Your instructions:
The answer must be only the lines below from the one holding "Use an old (cheap)" down to the one holding "Chanel's Classic Flap", ends included, printed exactly; please omit all pictures.

Dataset:
────────────────────
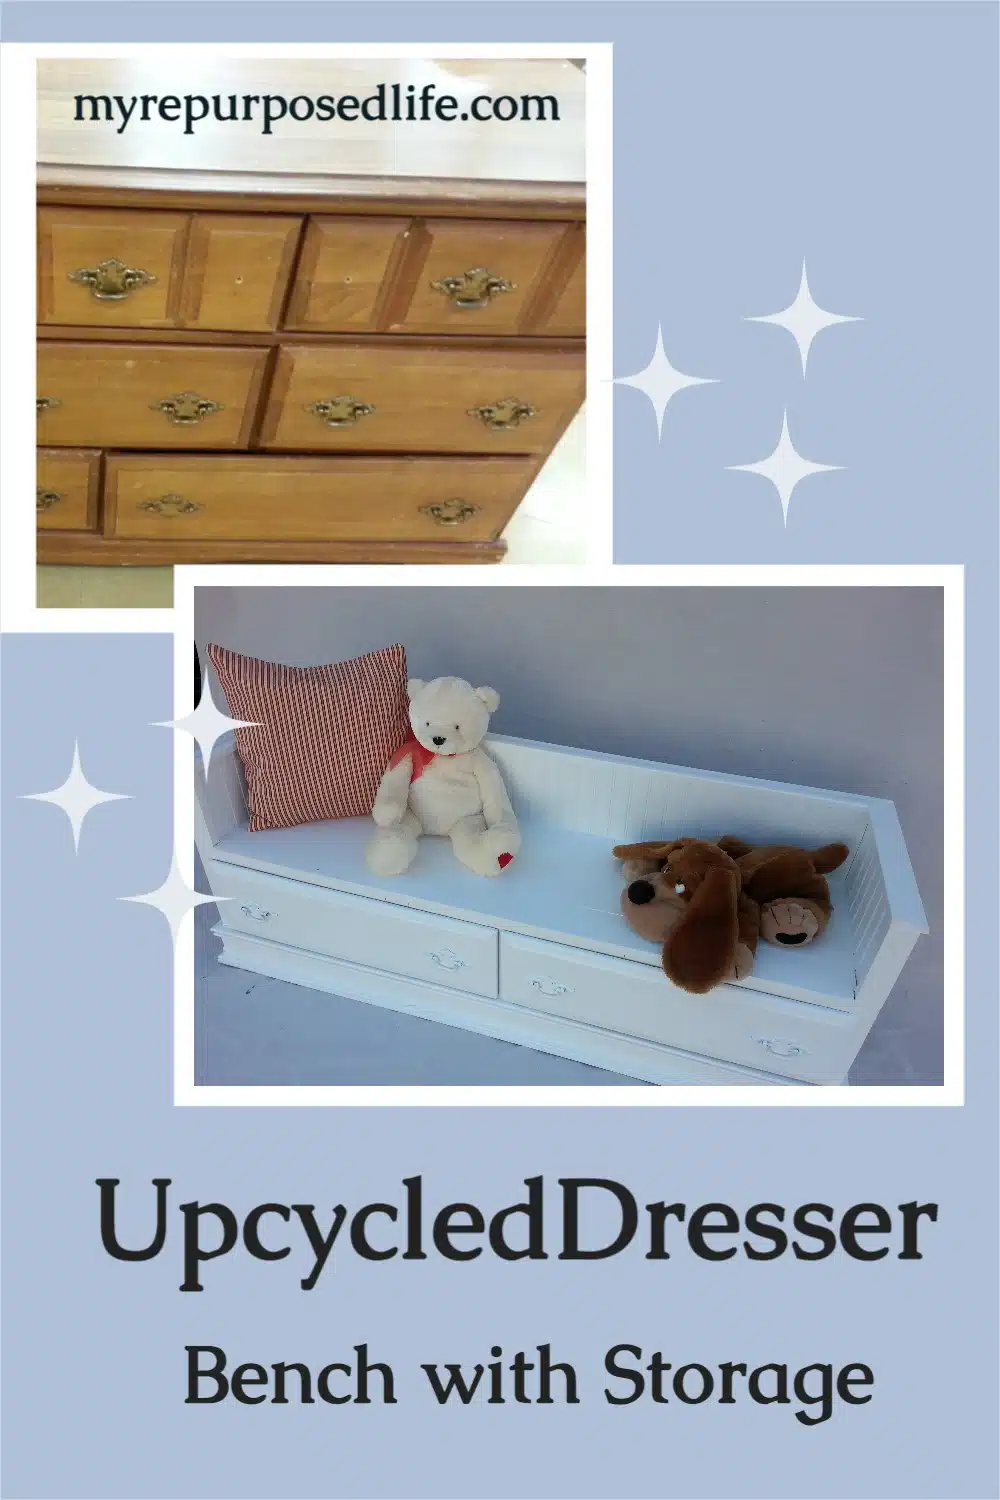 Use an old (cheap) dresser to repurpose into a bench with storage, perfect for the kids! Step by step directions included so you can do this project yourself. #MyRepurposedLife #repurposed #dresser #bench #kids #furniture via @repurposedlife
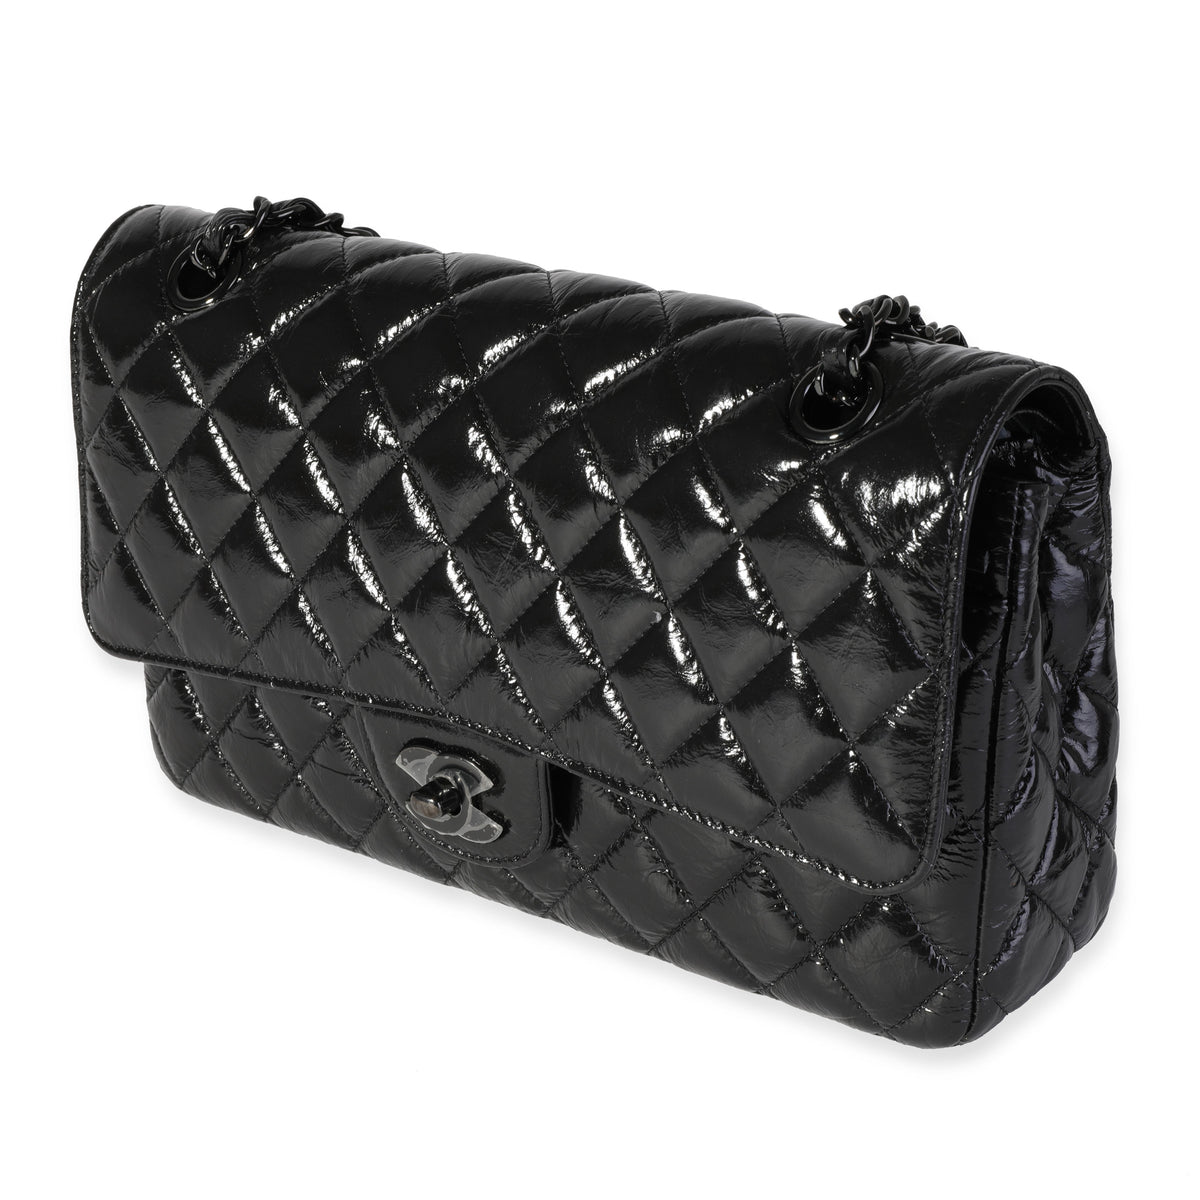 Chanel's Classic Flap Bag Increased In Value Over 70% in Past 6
────────────────────
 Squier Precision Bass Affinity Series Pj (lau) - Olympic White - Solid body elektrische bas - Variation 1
────────────────────
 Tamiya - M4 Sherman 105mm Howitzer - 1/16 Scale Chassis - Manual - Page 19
────────────────────
Output:
 Use an old (cheap) dresser to repurpose into a bench with storage, perfect for the kids! Step by step directions included so you can do this project yourself. #MyRepurposedLife #repurposed #dresser #bench #kids #furniture via @repurposedlife
 Chanel's Classic Flap Bag Increased In Value Over 70% in Past 6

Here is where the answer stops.